### Collected data
# # # # # # #
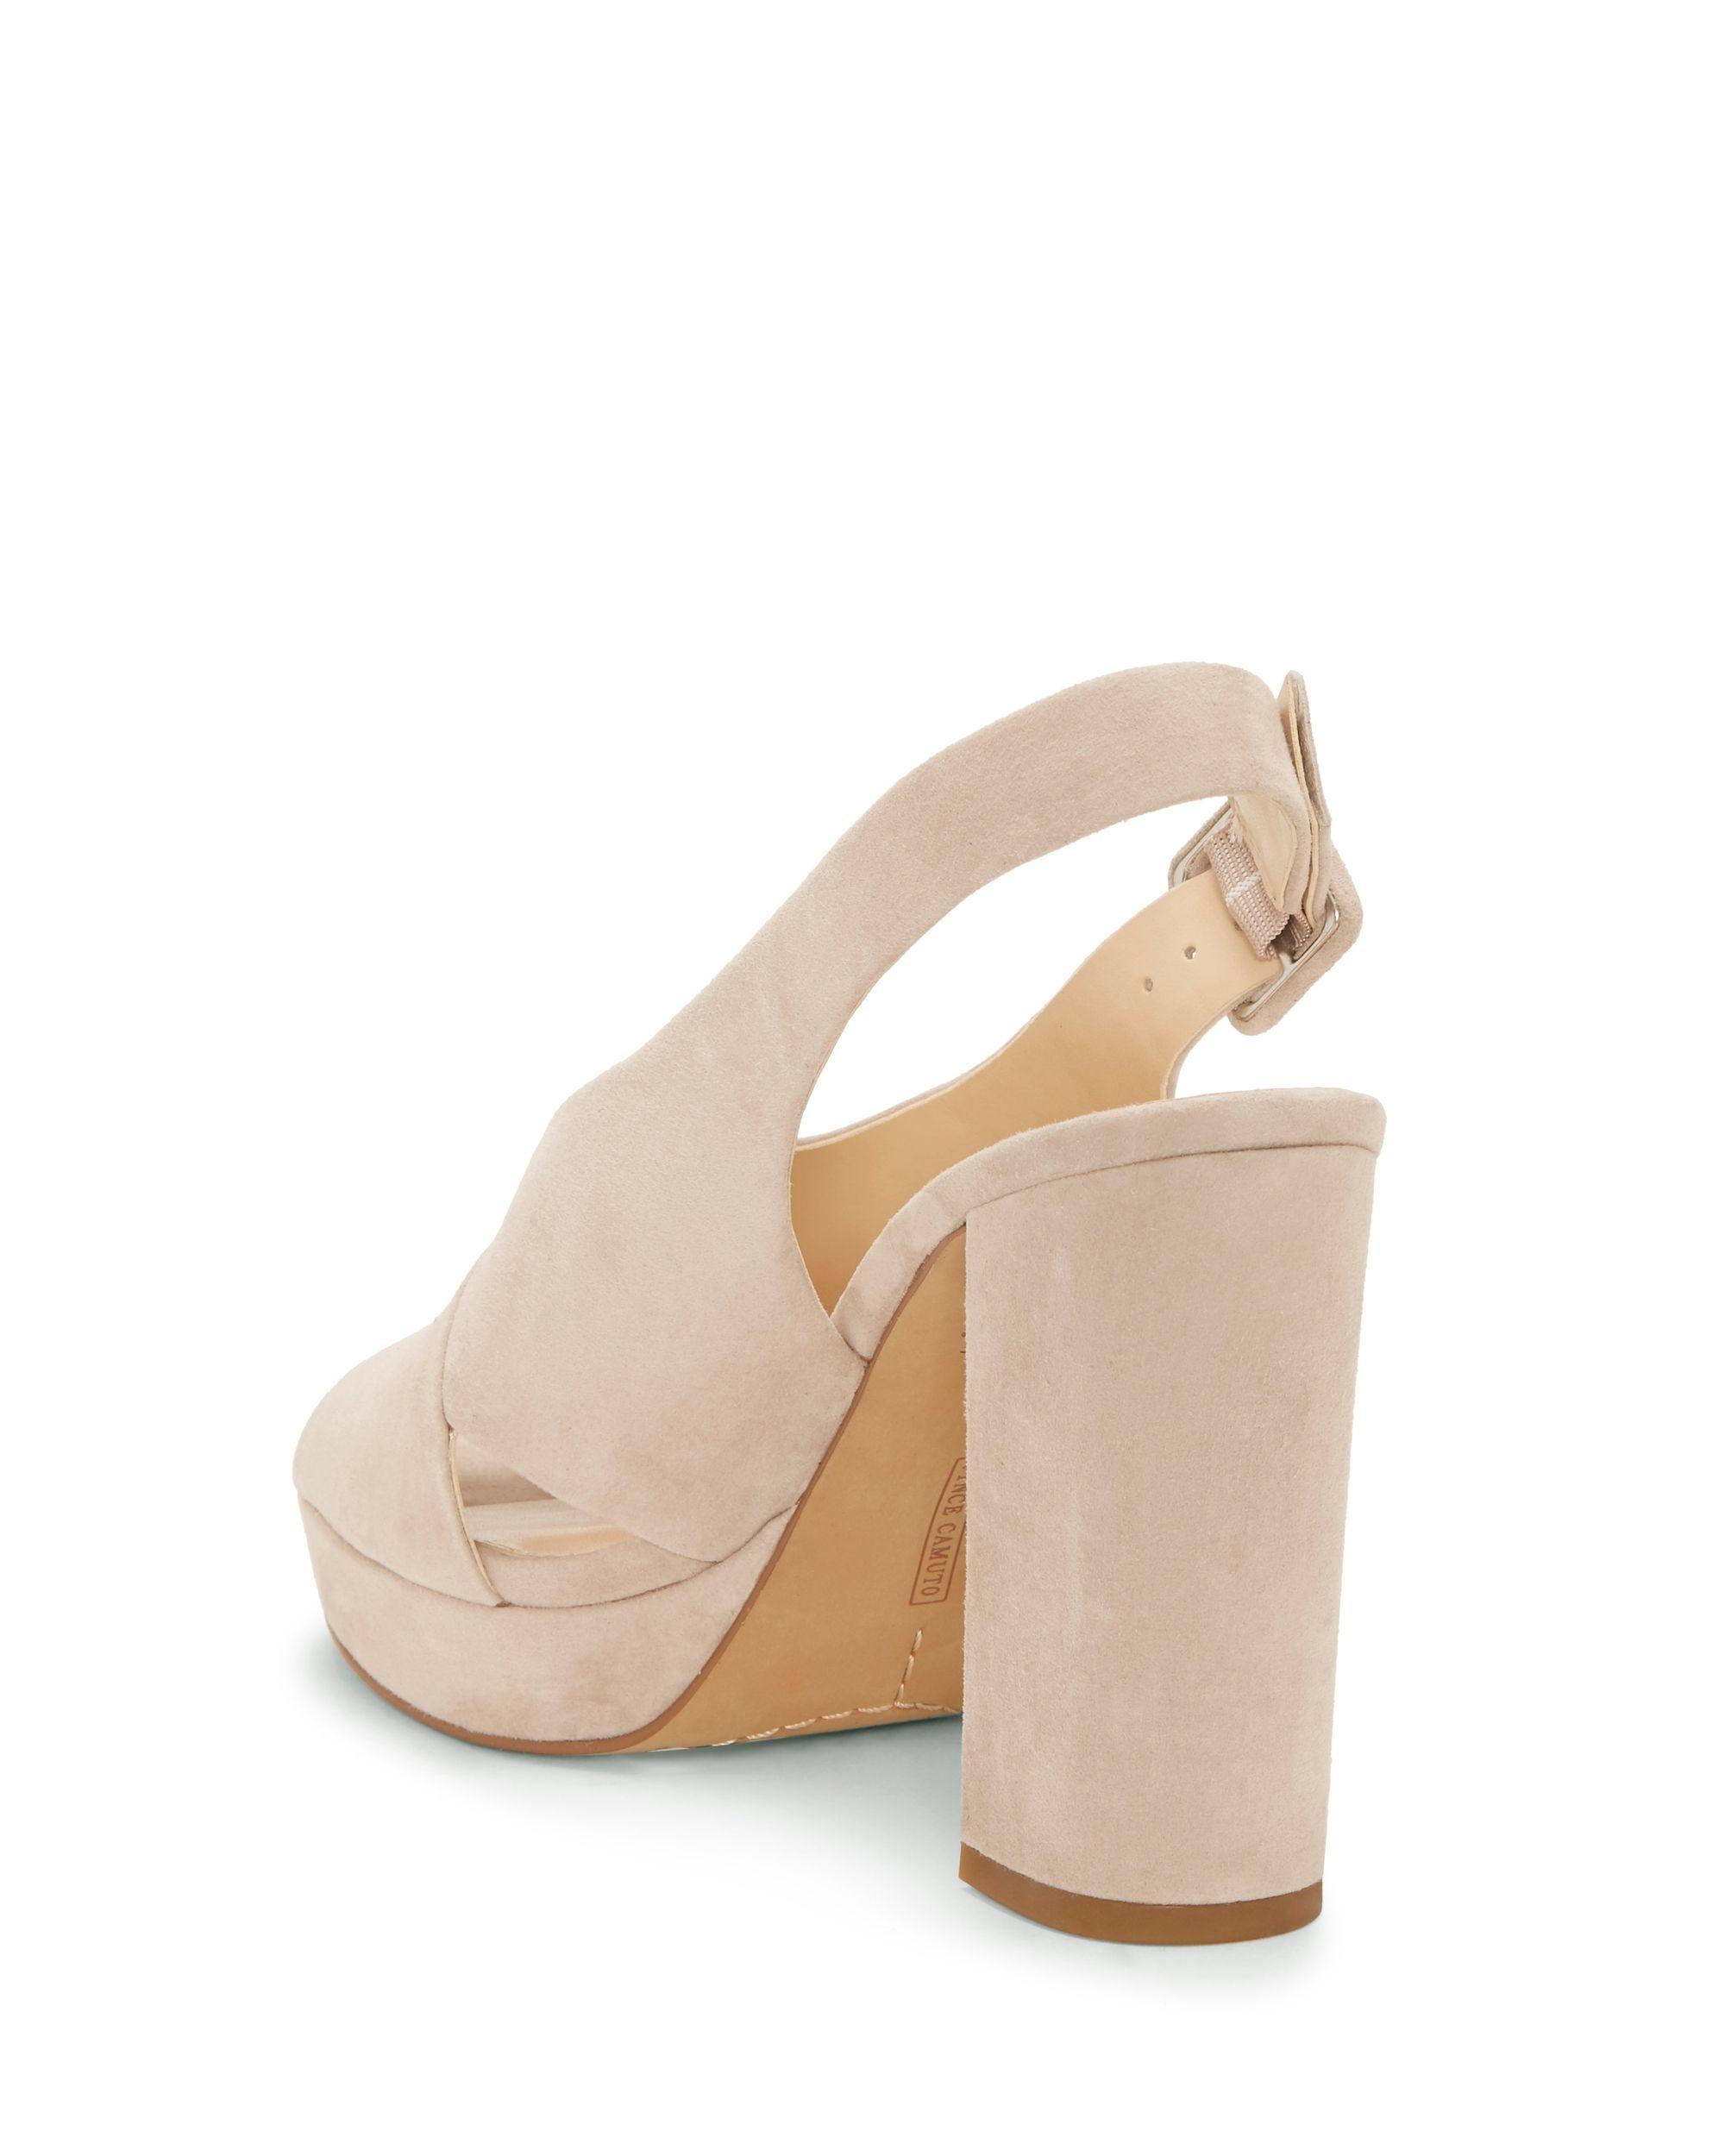 6f016c75552 Lyst - Vince Camuto Javasan – Platform Sandal in Natural - Save 1%
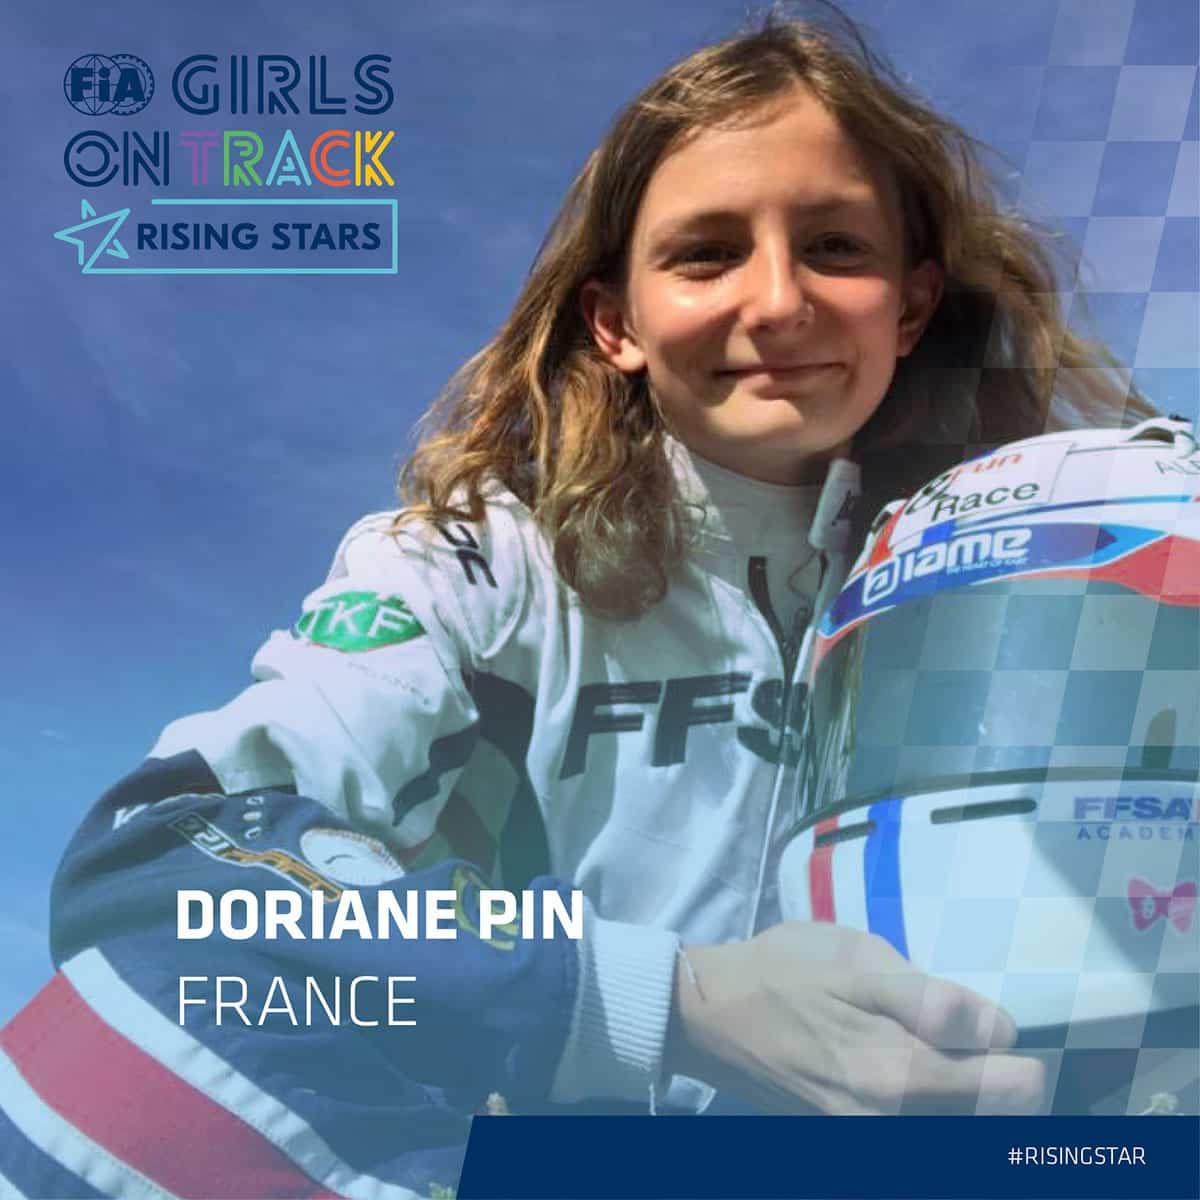 doriane-pin-wim-rising-star-social-media-1200
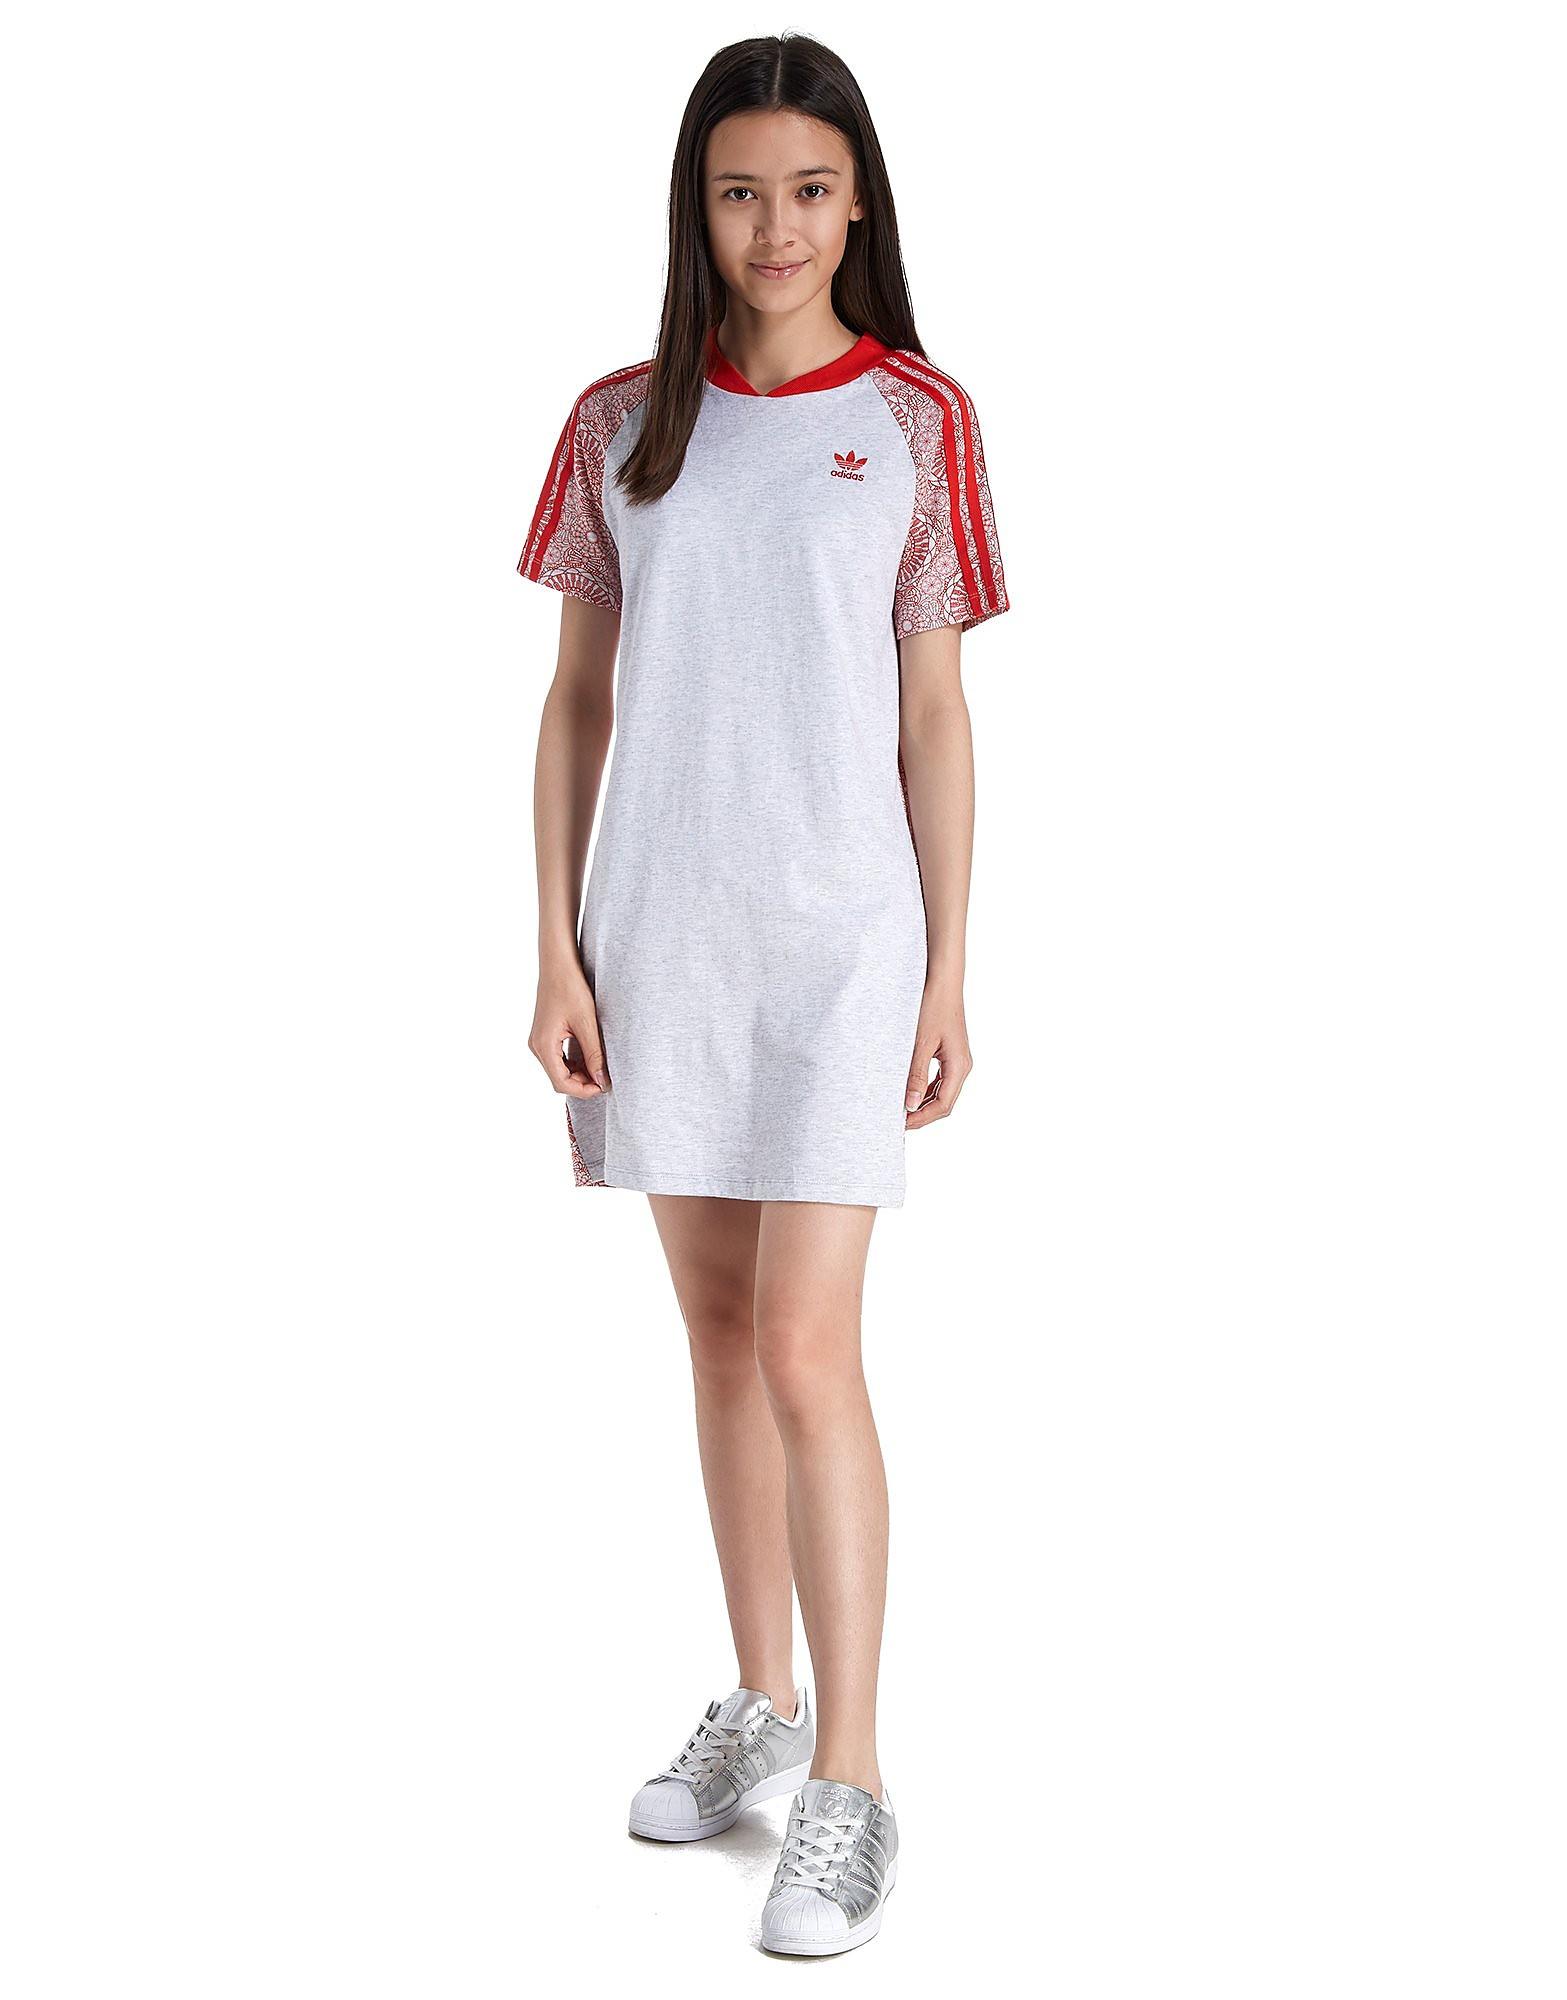 adidas Originals T-shirt Girls' London Junior
# # # # # # #
### Task requirements
I need the lines from the line holding "doriane-pin-wim-rising-star-social-media-1200" through the end of the material, inclusive, restated word for word and without pictures.

### Solution for this exercise
 doriane-pin-wim-rising-star-social-media-1200
 adidas Originals T-shirt Girls' London Junior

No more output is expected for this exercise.